Germany players covered their mouths with their hands and donned rainbow stripes on their jerseys and warm-up boots in a blatant declaration of disobedience to FIFA ahead of the Group E match against Japan.
Their message was reinforced by German Interior Minister Nancy Feiser, who also wore the OneLove armband, which promotes tolerance, diversity and LGBTQ+ rights, as she sat next to FIFA President Gianni Infantino.
Germany is one of seven countries, including England and Wales, that have been banned by FIFA from wearing an armband and have been warned they will face sporting sanctions if they defy football’s governing body.
In a powerful statement released shortly after the start of the game, the German Football Association warned FIFA: “To deny us an armband is the same as denying us the right to vote. We stand our ground.”
It added: “We wanted to use our captaincy to uphold the values we share in the German national team: diversity and mutual respect. Together with other nations, we wanted our voice to be heard.
“It was not a political statement – human rights are non-negotiable. This should be taken for granted, but this is still not the case. That’s why this message is so important to us.”
Six of Germany’s starting lineup, including Ilkay Gundogan and Manuel Neuer, wore rainbow colored boots.
Fear of sporting sanctions – including captains receiving yellow cards at the start – has led seven nations to backtrack on their pledge to wear OneLove at their World Cup matches.
However, Danish Football Federation chief executive Jakob Jensen confirmed that these countries are currently exploring legal options to overturn FIFA’s decision, although he has ruled out going to the Court of Arbitration for Sport at this stage.
“Now we are exploring legal options, we are also coordinating our discussions on this issue, but at the moment we cannot contact Cus,” he said. “You can’t go through Cus right now, and I think it’s some kind of rumor circulating in the press.

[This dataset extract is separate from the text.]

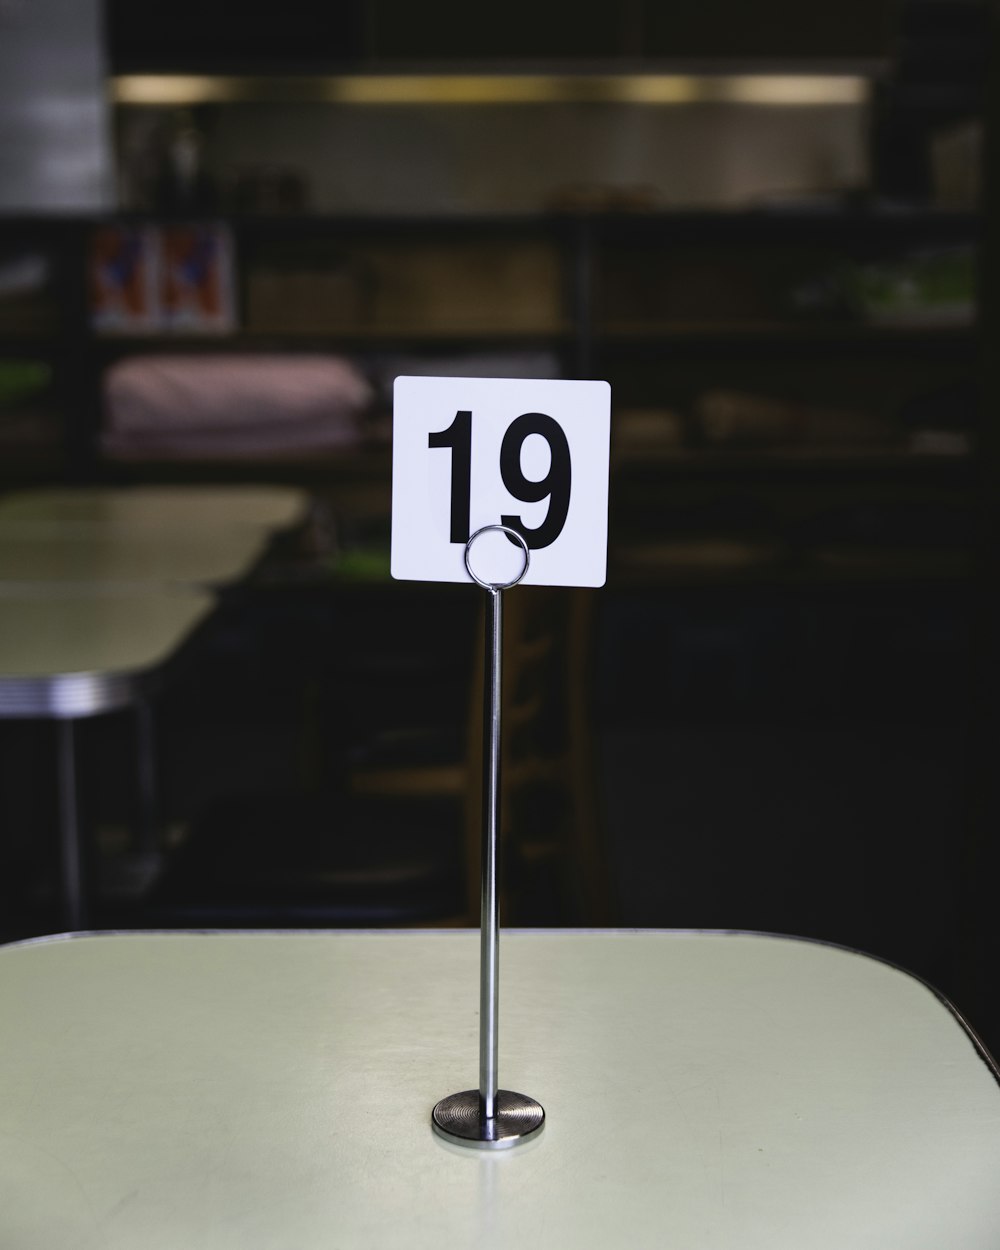 방 내 테이블에 테이블 번호 19

He added: “The Germans are exploring legal options. It’s not at all like going through Casa. If you want to go through the Cas, you need to file a complaint with the FIFA system first, you need to go to the appeal body, and then you can go through the Cas
“As for the One Love headband, the German team, together with the German Football Federation and other countries, wanted to do this and take a stand.
“But now FIFA has threatened us mainly with sanctions. Associations that played on Monday [England and Wales], it was a very short notice. If you want to carry out such a campaign together, you must stick to your decisions.”
On Wednesday, FIFA said it had opened disciplinary proceedings against Ecuador over homophobic chants by their fans in the first World Cup match against Qatar.